The effectiveness of this method has not been tested scientifically. Any brain damage, feelings of slight discomfort and breaking of disbelief is to be held on one’s own account.
I can still recall this moment clearly. Around 2005, I was watching Air TV and its beautiful opening, Tori no Uta, started playing. I was reading the karaoke with the English lyrics and the concept of romaji was rather obvious. Then I took note of recurring bits and parts. I started to read with the line of kanji (Chinese characters). And so I began learning Japanese.
Karaoke helped me out a lot during the first few months of just trying to figure things out (note: I was a clueless 12- or 13-year old at the time). It started with learning a few hiragana symbols, a kanji here and there. The things I saw frequently in the karaoke were more easily remembered. Particles like は, こ, に or simple kanji like 水. It wasn’t much but it was a start.
Afterwards I started getting a basic grasp of how sentences flowed, a few standard expressions, getting familiar with the SOV structure. I didn’t figure these out consciously of course, but I was feeling how the language flowed. In my opinion one of the most important things to try to grasp when learning a language.
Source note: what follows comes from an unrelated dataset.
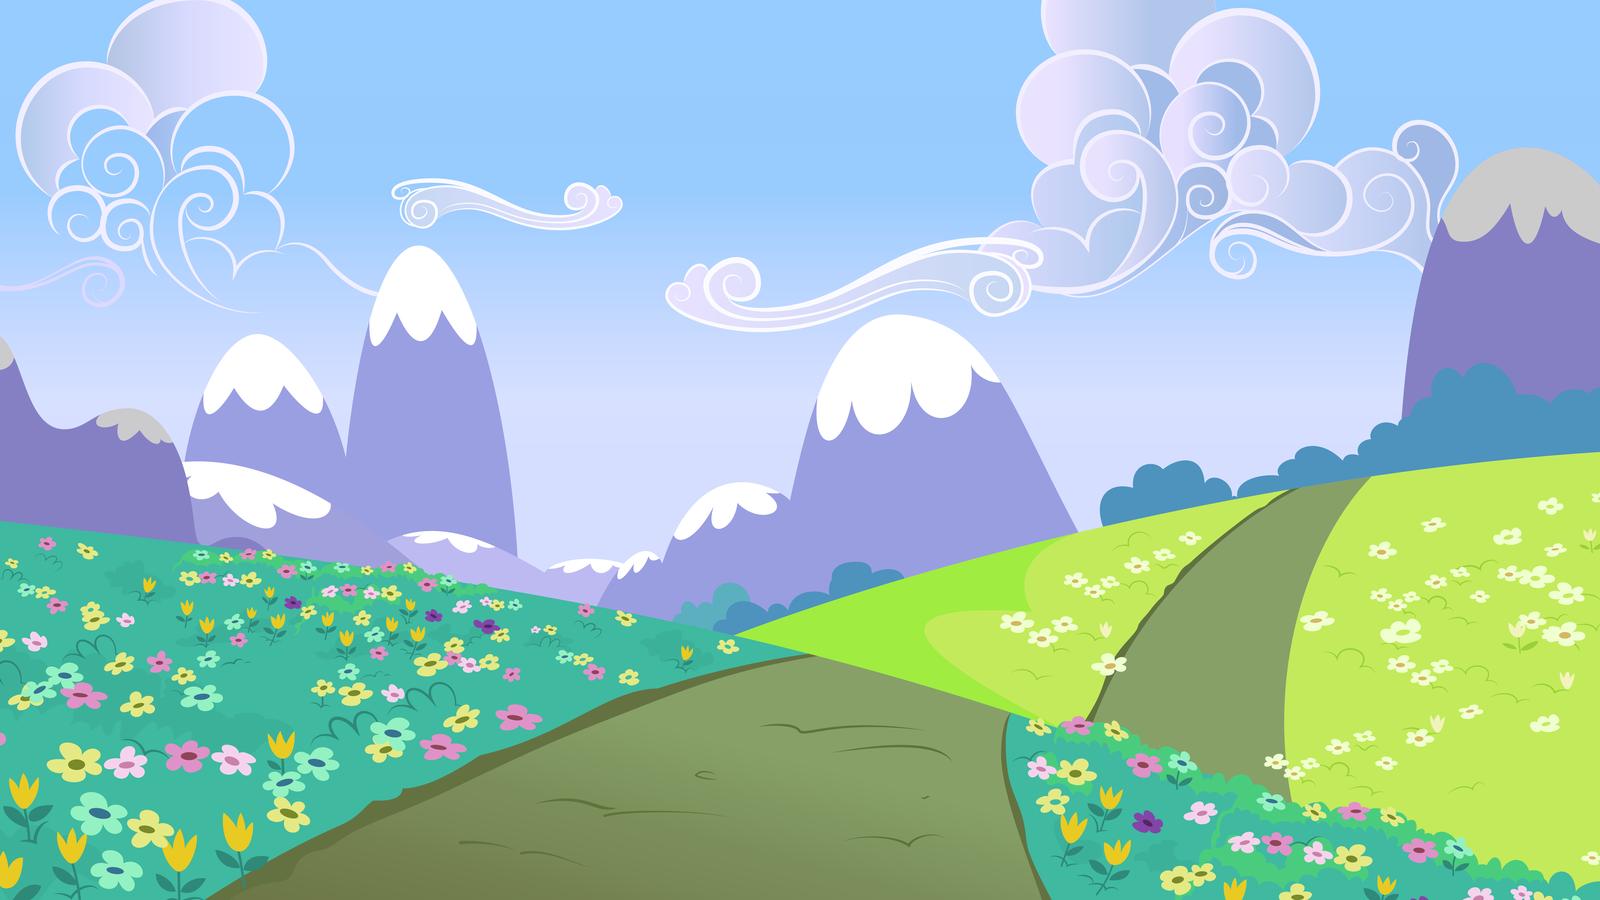 Drawn hill rolling hills Crystal Resources DeviantArt Path Hills

Only then did I start learning the grammar. And I used the Wikipedia page on Japanese grammar for it. Vocabulary is something I was and still am learning along the way, because, in learning any language, vocabulary is a lot of memorization and memorization is boring.
To help that, I try to visit a lot of Japanese sites of interest, follow Japanese twitter accounts, ask people to converse in Japanese with me. Say they type a kanji I don’t know, it will be my curiosity that drives me to the translation and hopefully the end result will be a newly learned character.
I wouldn’t recommend this way of starting out learning a language to anyone. I learned all of this out of curiosity and that’s fine, really! I love being able to speak other languages and having a driving factor is most important. Anime is generally really simple and easy to understand. Feeling the language is still important. Understanding the grammar is something that goes without saying. But there’s still a high risk of learning something in the wrong way. For instance, when I started out I didn’t have a clue about stroke orders. I relied on sometimes shoddy translations. You actually risk getting the wrong feel out of it and that is lethal.
The goal for next year is to take the Japanese Language Proficiency Test 3, or simply JLPT3 (there are 5 levels, with JLPT1 being the highest level). I think it’s a very realistic goal. I also think it’s a good way to test my skills and to see at what level I’m currently at. Should I be satisfied with my result, I’ll aim for JLPT2 the year after that. It’s the year I’m planning to go to Japan. Of course, that means I’ll have to do a lot of memorization.
For those of you who were expecting a way to DIY Learn how to Japanese, here’s an ordered list of things you should do:
- Memorize all hiragana (1 week)
- Memorize all katakana (1 week)
- Learn basic grammar (?? weeks)
- Immerse yourself in the language (lifetime)
- Learn vocabulary (lifetime)
You can see my teaching skills and experience come into play.
If you have any specific questions or are just curious about the intricacies of the Japanese language, I really like the (English-speaking) “Japanese” question board on StackExchange. If you have any sites like these I’d love to hear it.